San Giovanni 2017. Frammenti di intonaco dipinto in verde (a sinistra)
San Giovanni 2017. Frammenti di pavimento in opus signinum (caduti dal primo piano della villa).
E’ la prima volta che all’Elba vengono ritrovate le tracce degli schemi decorativi del I stile. Queste decorazioni, di manifattura particolarmente elevata, si collocano usualmente fra il 130 e l’80 a.C. e confermano ampiamente quanto si era finora pensato sulla cronologia di costruzione dell’insediamento, attorno al 100, forse un paio di decenni prima. Ma queste decorazioni sono anche il riflesso di un comportamento sociale e culturale che potremmo definire “di classe”. La classe è quella delle potenti famiglie senatorie romane alla fine del secolo delle grandi conquiste, capace di elaborare una propria originale (e vincente) cultura, inclusiva per definizione. Non solo le città e le campagne e le case vengono riconcepite e riformulate ma anche i loro paesaggi e il modo di condurli.

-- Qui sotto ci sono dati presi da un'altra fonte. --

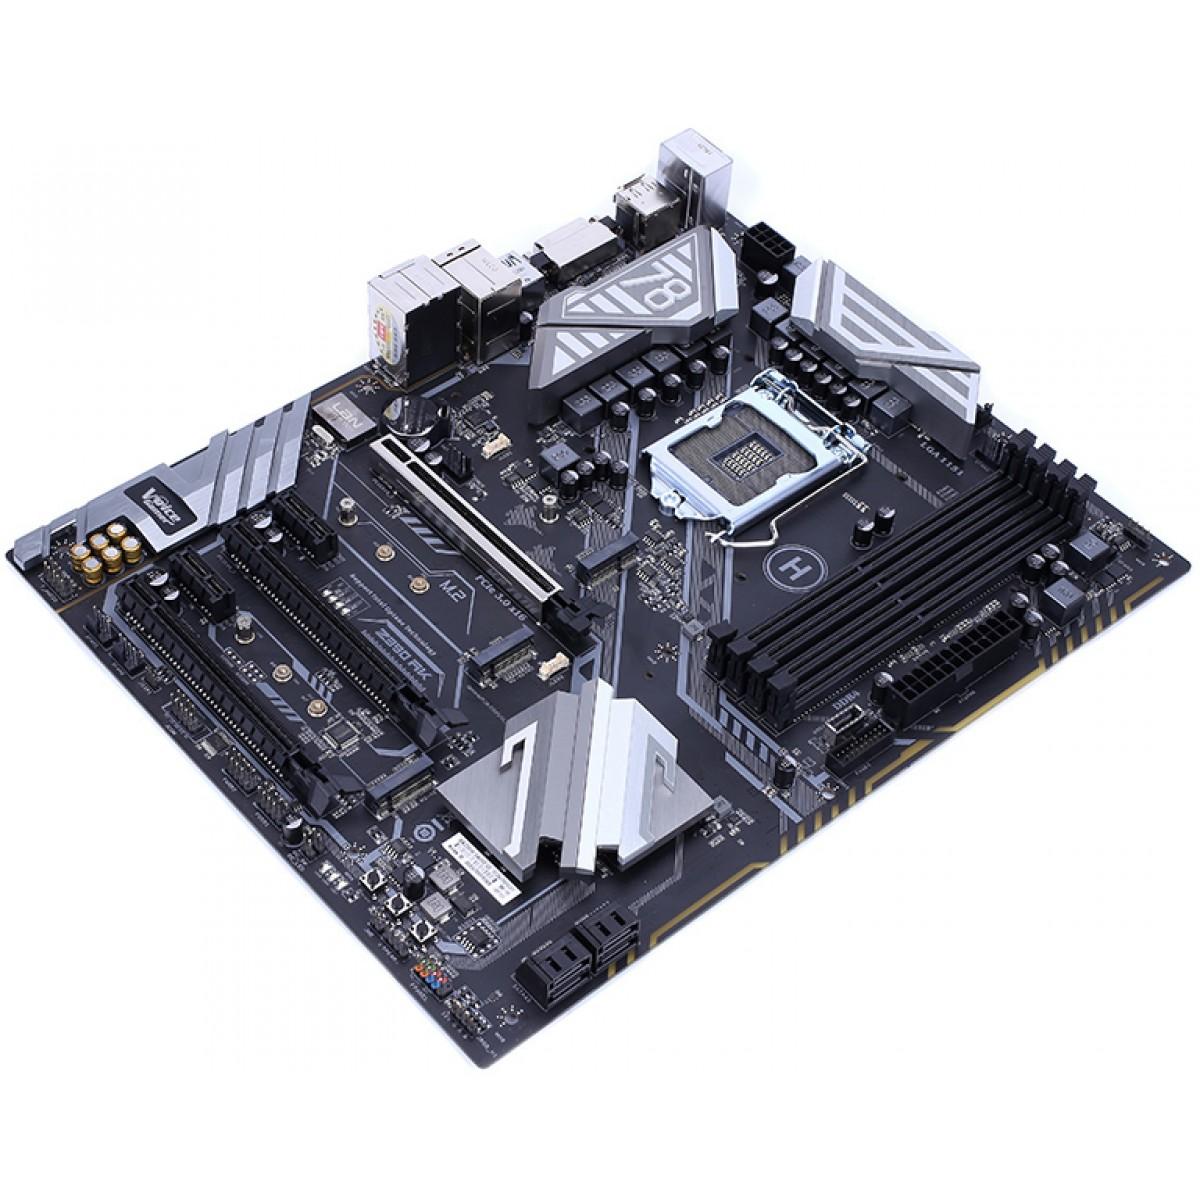 Placa Mãe Colorful Battle-AX Z390AK Gaming V20, Chipset Z390, Intel LGA 1151, ATX, DDR4

Tutto questo non sarebbe stato possibile senza la collaborazione di Laura Pagliantini, persona indispensabile nella gestione di questo scavo in particolare ma necessaria nella progettazione delle attività culturali in generale di Portoferraio e dell’Isola, coadiuvata dal brillante ingegno di Edoardo Vanni. Accanto a loro stanno crescendo giovani persone diverse per carattere e competenze ma molto brave: la senese Valeria Izzo, le siciliane Cristina Longo e Chiara Mendolia, le calabresi Federica Persampieri, Noemi Liguori, Maria Teresa Sgromo, la campana Egle Mereu, il tarantino Mario Pagnottella (fin qui tutti studenti della Università di Siena), la pisana Caterina Guidi e il padovano Alessandro Bertin. In altri anni abbiamo avuto altre presenze italiane ma il tratto originale di quest’anno è rappresentato dalla presenza del ricercatore spagnolo Oscar Bonilla Santander e dalle studentesse polacche Weronika Novacka e Monika Muszczynska.
Una delle cose più belle di questa campagna è stata la partecipazione attiva degli studenti liceali, nell’ambito della Alternanza Scuola/Lavoro. E’ vero che questo dispositivo, nel suo complesso, è mal concepito e peggio fatto ma nel caso in specie possiamo dire di avere visto all’opera una serie di intelligenze collettive che hanno permesso di sviluppare una significativa sinergia.
Ringrazio, in particolare, gli alunni della Prof. Giusi Vago, bravissimi.
Ringrazio i compagni di strada di sempre: Marco Benvenuti, Alessandro Corretti, Cecilia Pacini di Italia Nostra, Rossana Galletti di Accademia della Cucina, Valter Giuliani di Elbataste e il vitivinicoltore e amico Antonio Arrighi.
Ringrazio Paolo Gasparri, che, oltre ad essere proprietario del terreno, è anche custode della conservazione di una piccola ma sempre più importante parte della rada di Portoferraio.
Ringrazio il Comune di Portoferraio e il vicesindaco Roberto Marini, per il sostegno e per la concessione dell’indispensabile servizio mensa.
Vi sono, poi, tutta una serie di donatori privati, che ringrazierò successivamente.
Noi stiamo già preparando San Giovanni 2018. Ci saremo anche il prossimo anno. Intanto, rimettiamo a posto la documentazione e le idee e formuliamo altre ipotesi e altre congetture.
Qualcuno dirà: ipotesi, congetture, ma questi cambiano idea ogni tre per due. Non è proprio così. Molti punti sono fermi fin dagli inizi di questa impresa (i proprietari, la cronologia iniziale, il paesaggio agrario). Altri punti crescono e si evolvono intrinsecamente e in relazione ai fattori esterni. Ma così è la vita e solo i dinosauri non si evolvono: tant’è che, a parte i coccodrilli e gli squali, si sono estinti.